1
В бытность свою студентом Феликс Навроцкий, как ни старался держаться в стороне от компаний и кружков и отдавать своё время лекциям и науке, всё же не смог устоять против соблазнов молодости. Пирушки с университетскими приятелями, весёлые попойки в ресторанах и трактирах, бурные и скоротечные романы с девушками не своего круга — вся эта бесшабашная кутерьма не миновала и его. Но если его приятелям гусарские шалости легко сходили с рук, то Феликсу пришлось провести университетские годы в непрерывной борьбе с матерью. Екатерина Александровна Навроцкая ревниво оберегала единственного сына от всякого постороннего влияния.
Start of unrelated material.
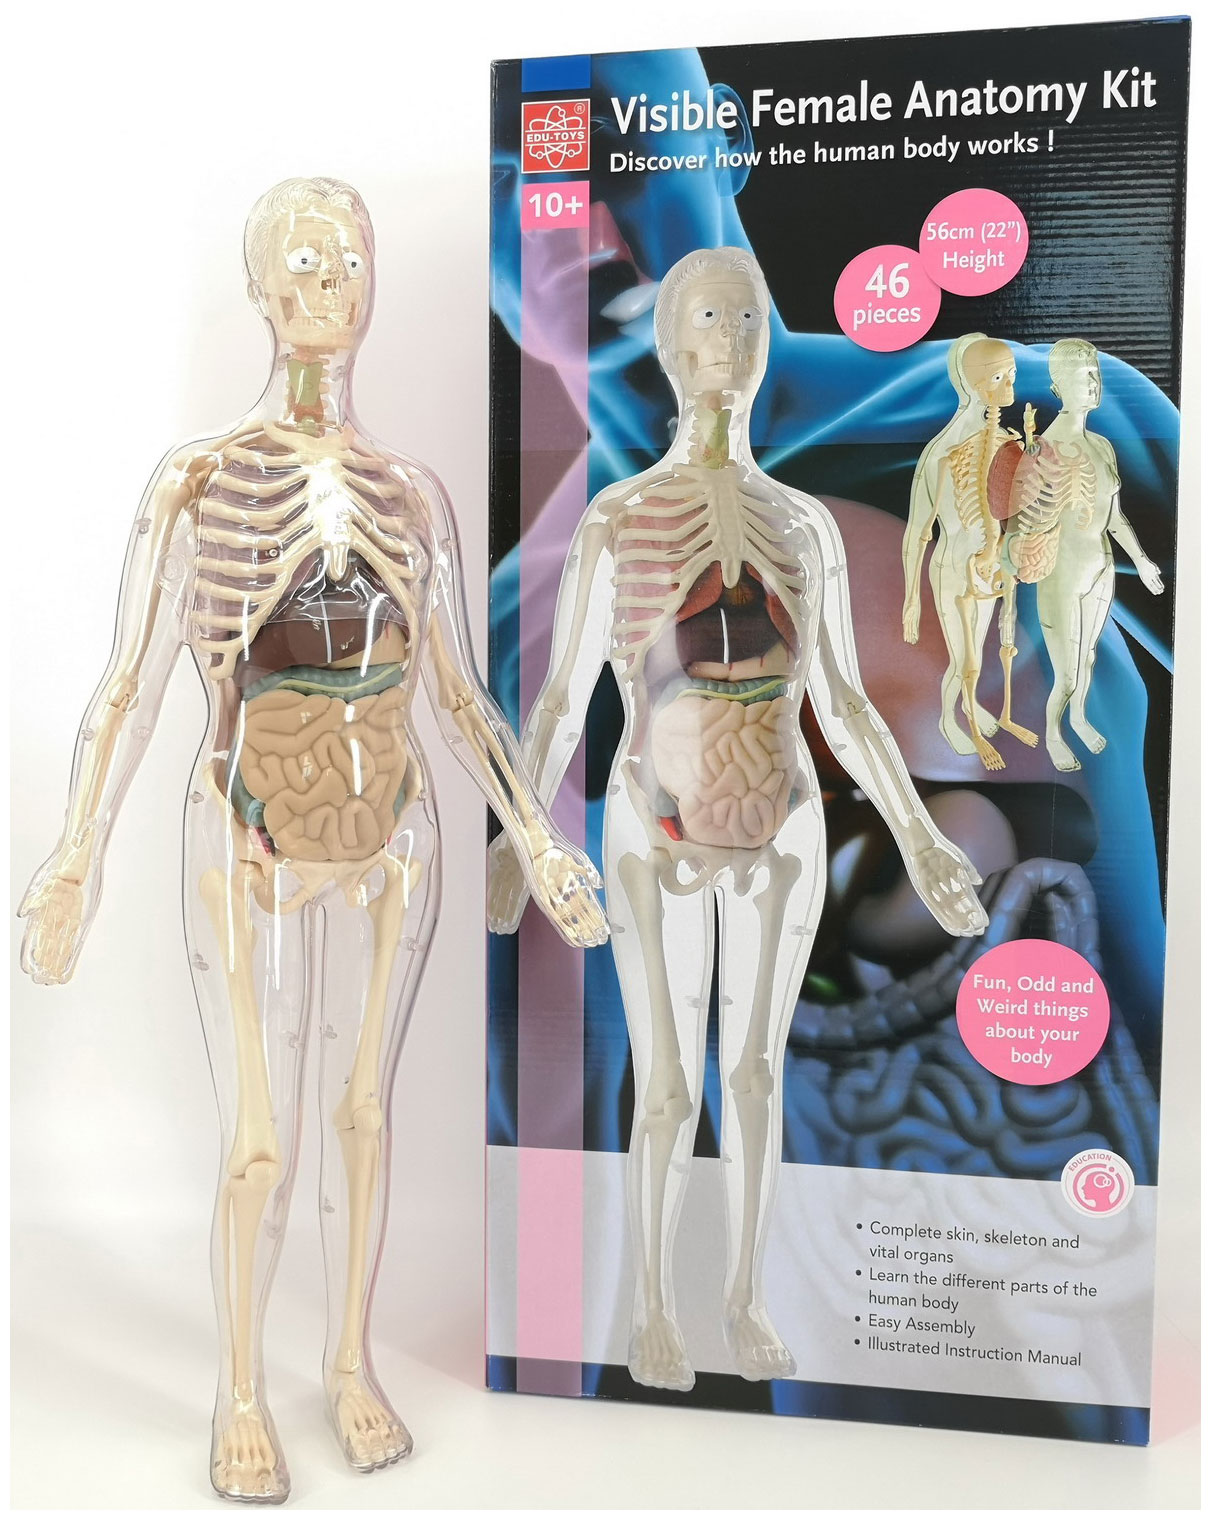 гишар жак анатомия картография человеческого тела Анатомический набор Edu toys MK001 (органы, скелет 56см, жен.)

Она часто наведывалась из имения в Петербург и подолгу оставалась там с одной целью: вмешиваться в жизнь Феликса. Ей ничего не стоило неожиданно явиться на студенческую пирушку и устроить сыну скандал, и перед товарищами, которые над ним подсмеивались, Феликсу было стыдно за мать. В людях Екатерина Александровна видела только зло и угрозу сыну. Она зорко следила за тем, чтобы у него не было приятелей и, в особенности, чтобы он не сходился с женщинами. Если же такие связи у Феликса возникали, она спешила приложить усилия к незамедлительному их прекращению.
— Не ходи, Феликс, на бал, — обычно говорила она молодому князю. — Люди там будут нехорошие: мужчины — грубияны и пьяницы, женщины — безнравственные вертихвостки.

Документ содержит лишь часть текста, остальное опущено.